Data excerpts
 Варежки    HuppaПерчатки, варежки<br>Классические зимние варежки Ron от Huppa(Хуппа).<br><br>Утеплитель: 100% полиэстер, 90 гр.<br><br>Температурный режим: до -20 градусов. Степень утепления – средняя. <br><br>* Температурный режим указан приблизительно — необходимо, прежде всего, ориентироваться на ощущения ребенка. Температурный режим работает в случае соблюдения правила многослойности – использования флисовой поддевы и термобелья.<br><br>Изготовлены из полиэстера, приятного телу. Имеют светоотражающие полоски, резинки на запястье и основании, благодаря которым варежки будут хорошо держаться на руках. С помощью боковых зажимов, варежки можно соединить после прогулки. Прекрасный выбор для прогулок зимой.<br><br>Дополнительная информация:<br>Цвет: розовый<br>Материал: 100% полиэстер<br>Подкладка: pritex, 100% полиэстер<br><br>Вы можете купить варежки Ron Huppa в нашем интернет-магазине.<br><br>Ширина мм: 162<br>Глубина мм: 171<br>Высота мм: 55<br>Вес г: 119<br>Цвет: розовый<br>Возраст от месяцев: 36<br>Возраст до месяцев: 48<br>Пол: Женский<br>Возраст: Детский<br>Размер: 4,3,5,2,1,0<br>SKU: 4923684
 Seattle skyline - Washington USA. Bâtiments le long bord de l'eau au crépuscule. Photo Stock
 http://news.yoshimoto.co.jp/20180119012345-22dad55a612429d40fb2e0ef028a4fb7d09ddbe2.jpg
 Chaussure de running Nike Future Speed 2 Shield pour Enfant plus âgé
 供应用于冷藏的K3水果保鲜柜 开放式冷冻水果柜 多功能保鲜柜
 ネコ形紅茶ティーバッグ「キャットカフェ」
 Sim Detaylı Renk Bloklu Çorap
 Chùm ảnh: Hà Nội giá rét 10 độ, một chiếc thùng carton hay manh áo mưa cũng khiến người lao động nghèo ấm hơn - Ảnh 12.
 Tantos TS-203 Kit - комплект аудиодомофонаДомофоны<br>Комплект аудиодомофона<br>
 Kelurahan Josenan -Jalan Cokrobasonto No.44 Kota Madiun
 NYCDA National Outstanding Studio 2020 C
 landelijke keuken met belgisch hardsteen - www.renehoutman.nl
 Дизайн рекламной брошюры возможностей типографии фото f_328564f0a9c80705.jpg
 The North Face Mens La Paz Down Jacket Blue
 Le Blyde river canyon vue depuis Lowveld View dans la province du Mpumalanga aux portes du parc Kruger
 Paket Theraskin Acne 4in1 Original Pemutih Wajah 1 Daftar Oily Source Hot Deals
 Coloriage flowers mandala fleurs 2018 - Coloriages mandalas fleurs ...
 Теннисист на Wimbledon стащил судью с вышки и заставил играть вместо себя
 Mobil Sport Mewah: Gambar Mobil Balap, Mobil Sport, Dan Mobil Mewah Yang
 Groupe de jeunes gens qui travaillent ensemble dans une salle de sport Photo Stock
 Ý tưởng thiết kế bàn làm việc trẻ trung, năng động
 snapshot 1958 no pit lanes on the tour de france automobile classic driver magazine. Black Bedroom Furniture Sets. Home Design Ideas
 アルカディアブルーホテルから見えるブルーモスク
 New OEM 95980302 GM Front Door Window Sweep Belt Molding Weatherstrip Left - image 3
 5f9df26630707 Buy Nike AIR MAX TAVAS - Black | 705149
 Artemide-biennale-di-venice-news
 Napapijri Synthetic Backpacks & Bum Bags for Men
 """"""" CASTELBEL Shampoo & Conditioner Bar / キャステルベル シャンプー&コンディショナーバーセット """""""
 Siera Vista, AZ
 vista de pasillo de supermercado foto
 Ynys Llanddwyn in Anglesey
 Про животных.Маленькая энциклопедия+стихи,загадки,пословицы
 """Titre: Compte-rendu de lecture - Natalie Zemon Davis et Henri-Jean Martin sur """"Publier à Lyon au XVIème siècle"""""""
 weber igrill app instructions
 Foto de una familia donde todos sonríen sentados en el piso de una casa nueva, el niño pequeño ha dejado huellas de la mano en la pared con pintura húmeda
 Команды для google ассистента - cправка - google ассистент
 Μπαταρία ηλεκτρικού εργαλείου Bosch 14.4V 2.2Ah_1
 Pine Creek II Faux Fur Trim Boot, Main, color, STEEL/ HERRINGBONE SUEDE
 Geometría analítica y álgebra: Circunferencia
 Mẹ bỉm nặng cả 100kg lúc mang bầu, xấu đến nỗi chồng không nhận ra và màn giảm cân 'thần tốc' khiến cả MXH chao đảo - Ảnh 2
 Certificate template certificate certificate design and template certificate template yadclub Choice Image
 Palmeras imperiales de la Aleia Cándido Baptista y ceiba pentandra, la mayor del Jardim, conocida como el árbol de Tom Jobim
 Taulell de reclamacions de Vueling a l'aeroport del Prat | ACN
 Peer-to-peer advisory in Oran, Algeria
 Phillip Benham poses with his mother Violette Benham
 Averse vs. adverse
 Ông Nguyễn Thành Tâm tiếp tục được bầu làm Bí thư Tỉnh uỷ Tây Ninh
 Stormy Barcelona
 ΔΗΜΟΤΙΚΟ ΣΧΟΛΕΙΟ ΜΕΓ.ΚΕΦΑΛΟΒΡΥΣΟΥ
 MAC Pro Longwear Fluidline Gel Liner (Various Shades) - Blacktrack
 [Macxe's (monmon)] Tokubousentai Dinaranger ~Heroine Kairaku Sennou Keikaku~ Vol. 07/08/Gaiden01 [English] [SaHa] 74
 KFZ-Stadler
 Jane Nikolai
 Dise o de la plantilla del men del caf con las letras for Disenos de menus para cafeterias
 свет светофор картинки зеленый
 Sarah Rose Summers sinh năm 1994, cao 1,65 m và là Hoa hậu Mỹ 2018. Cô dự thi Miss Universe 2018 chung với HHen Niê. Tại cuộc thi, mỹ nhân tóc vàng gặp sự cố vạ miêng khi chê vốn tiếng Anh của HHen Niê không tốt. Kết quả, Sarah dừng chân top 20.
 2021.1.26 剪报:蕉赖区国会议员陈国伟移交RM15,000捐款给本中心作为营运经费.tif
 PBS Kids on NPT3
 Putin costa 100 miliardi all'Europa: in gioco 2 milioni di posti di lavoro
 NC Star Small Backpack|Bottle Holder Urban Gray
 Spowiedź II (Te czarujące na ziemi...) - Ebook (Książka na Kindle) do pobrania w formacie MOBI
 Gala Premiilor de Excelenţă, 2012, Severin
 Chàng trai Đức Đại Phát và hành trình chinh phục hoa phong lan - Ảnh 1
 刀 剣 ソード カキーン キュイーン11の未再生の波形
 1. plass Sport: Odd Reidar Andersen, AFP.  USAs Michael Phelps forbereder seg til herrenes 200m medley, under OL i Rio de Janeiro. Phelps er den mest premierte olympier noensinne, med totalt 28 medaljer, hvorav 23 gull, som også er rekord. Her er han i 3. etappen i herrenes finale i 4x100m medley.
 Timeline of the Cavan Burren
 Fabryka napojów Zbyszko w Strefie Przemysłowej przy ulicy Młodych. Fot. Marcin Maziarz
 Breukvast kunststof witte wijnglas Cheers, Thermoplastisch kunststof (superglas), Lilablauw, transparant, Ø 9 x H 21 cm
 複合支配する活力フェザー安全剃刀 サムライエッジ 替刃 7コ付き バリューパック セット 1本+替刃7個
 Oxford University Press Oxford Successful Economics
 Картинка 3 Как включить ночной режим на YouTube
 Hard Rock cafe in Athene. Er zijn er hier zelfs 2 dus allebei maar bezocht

Task requirements.
The stretch of entries above that starts with the line containing "Kelurahan Josenan -Jalan" and goes on through the line containing "Paket Theraskin Acne" is to be transcribed exactly, and no other line is to be transcribed.

Answer box.
 Kelurahan Josenan -Jalan Cokrobasonto No.44 Kota Madiun
 NYCDA National Outstanding Studio 2020 C
 landelijke keuken met belgisch hardsteen - www.renehoutman.nl
 Дизайн рекламной брошюры возможностей типографии фото f_328564f0a9c80705.jpg
 The North Face Mens La Paz Down Jacket Blue
 Le Blyde river canyon vue depuis Lowveld View dans la province du Mpumalanga aux portes du parc Kruger
 Paket Theraskin Acne 4in1 Original Pemutih Wajah 1 Daftar Oily Source Hot Deals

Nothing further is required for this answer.